Мэрчисон выпрямилась, смерила его взглядом и произнесла деловитым тоном медсестры, беседующей с непослушным больным:
– Из ваших слов я поняла, что завтра вам предстоит тяжелый день. Поэтому вам нужно как следует выспаться. Будьте любезны отправиться в свою каюту. – Внезапно голос её изменился, – Но если вы хотите меня проводить...
14
После того, как план эвакуации госпиталя был приведен в действие, дела пошли более-менее гладко. Пациенты не доставляли никаких хлопот: для них покидать госпиталь было в порядке вещей, просто сейчас обстоятельства были слегка драматичнее обычного. А вот эвакуацию медицинского персонала рутинной процедурой назвать было трудно. Больные относились к пребыванию в госпитале как к неприятному и в общем-то малозначительному эпизоду в жизни, а для врачей, медсестер и санитаров он и был жизнью. Впрочем, в первый день персонал тоже не выкидывал коленца. Все беспрекословно повиновались распоряжениям, быть может, оттого, что к тому побуждали состояние прострации и привычка. На второй день прострация сменилась возбуждением, посыпались вопросы и возражения, и тяжелее всех пришлось, естественно, доктору Конвею. На третий день он вынужден был связаться с О'Марой.
– В чем дело?! – повторил он вопрос главного психолога. – Да в том, чтобы заставить это... сборище гениев проявить хоть капельку разума! И ведь чем толковее, тем настырнее! Возьмите Приликлу: яичная скорлупа на ножкак спичечках, а себе туда же – желает остаться! Или доктор Маннон… почти диагност, а ведет себя ничуть не лучше остальных. Он утверждает, что лечение исключительно людей будет для него чем-то вроде отдыха. А прочие приводят совершенно фантастические доводы. Растолкуйте им, сэр. Вы же главный психолог...

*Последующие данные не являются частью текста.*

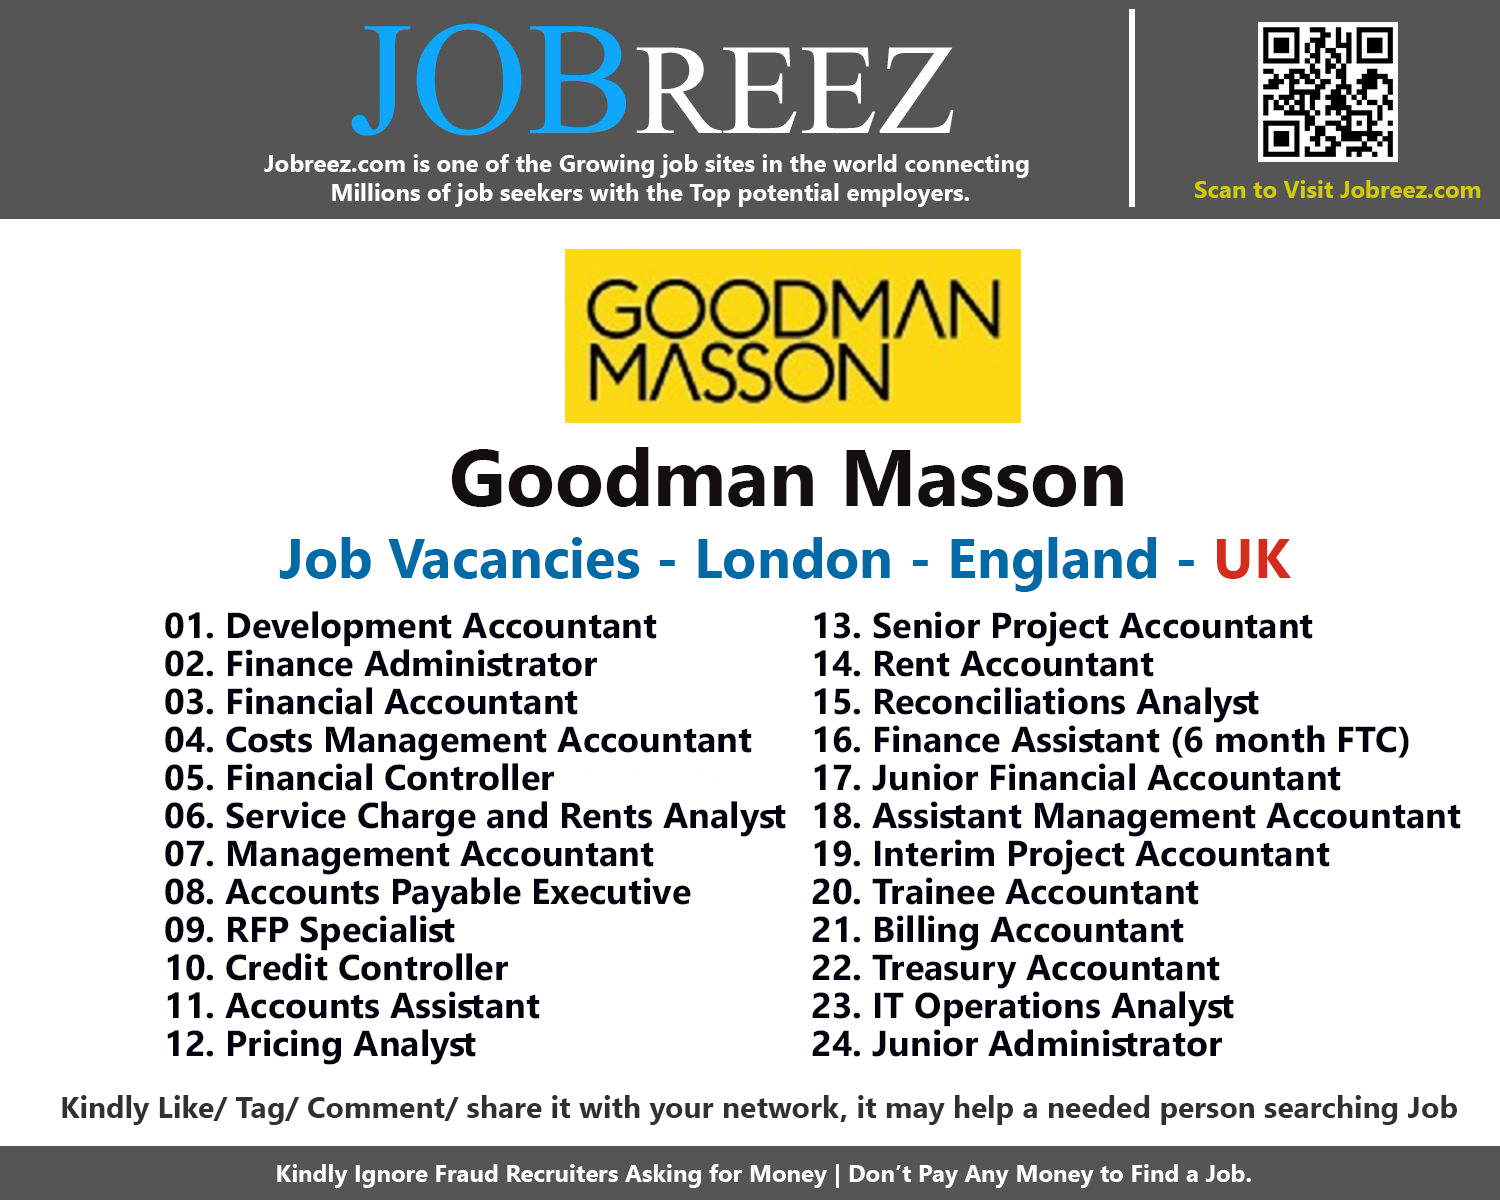 Goodman Masson Job Vacancies - London, England, UK. Also, We are going to describe to you the ways to get a job in Goodman Masson - London, England, UK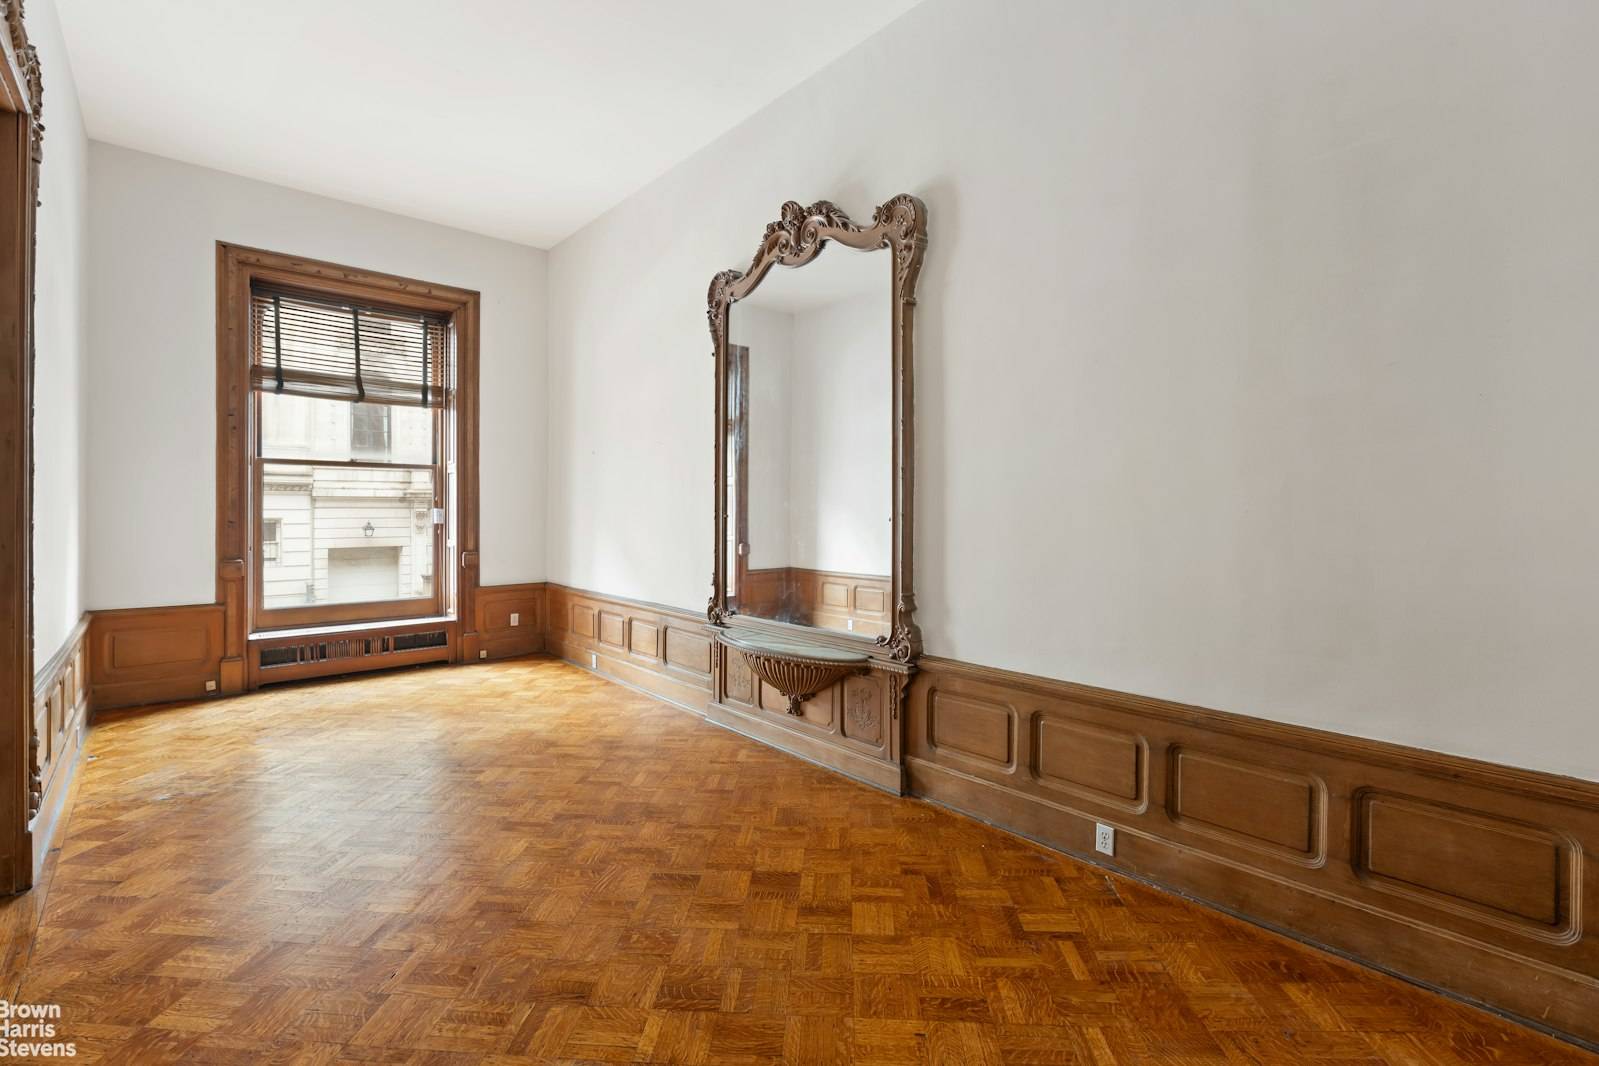 Welcome to Residence 2 at 16 East 63rd Street, an exquisite Upper East Side gem nestled on a Central Park block.

– Три четверги медицинского и обслуживающего персонала, – отозвался О'Мара, – владеют информацией, которая в случае, если они попадут в плен, может пригодиться нашему врагу. Поэтому все они должны быть эвакуированы, неважно, кто они там – диагносты, компьютерщики или младшие санитары. У них нет выбора. Кроме того, определенное количество врачей прикреплено к пациентам на время перелета. Что касается оставшихся, разбирайтесь сами: они – взрослые, разумные, здравомыслящие существа, которым не требуется мое вмешательство.
Конвей недоверчиво хмыкнул.
– Прежде чем подвергать сомнению здравомыслие других, – сказал О'Мара, – ответьте-ка на мой вопрос. Вы остаетесь?
– Ну... – протянул Конвей.
О'Мара отключился.
Конвей долю глядел на интерком. Он всё ещё колебался. Он знал, что натура у него отнюдь не героическая, и его так и подмывало бросить всё и бежать. Но он не мог покинуть своих друзей, ибо, если он улетит, а Мэрчисон, Приликла и прочие останутся, он не вынесет того, что они будут думать о нём. Быть может, они все считают, что он твёрдо вознамерился остаться и лишь притворяется, будто не собрался с мыслями, но на деле-то он просто трусит и лукавит перед друзьями, не желая признаваться в трусости.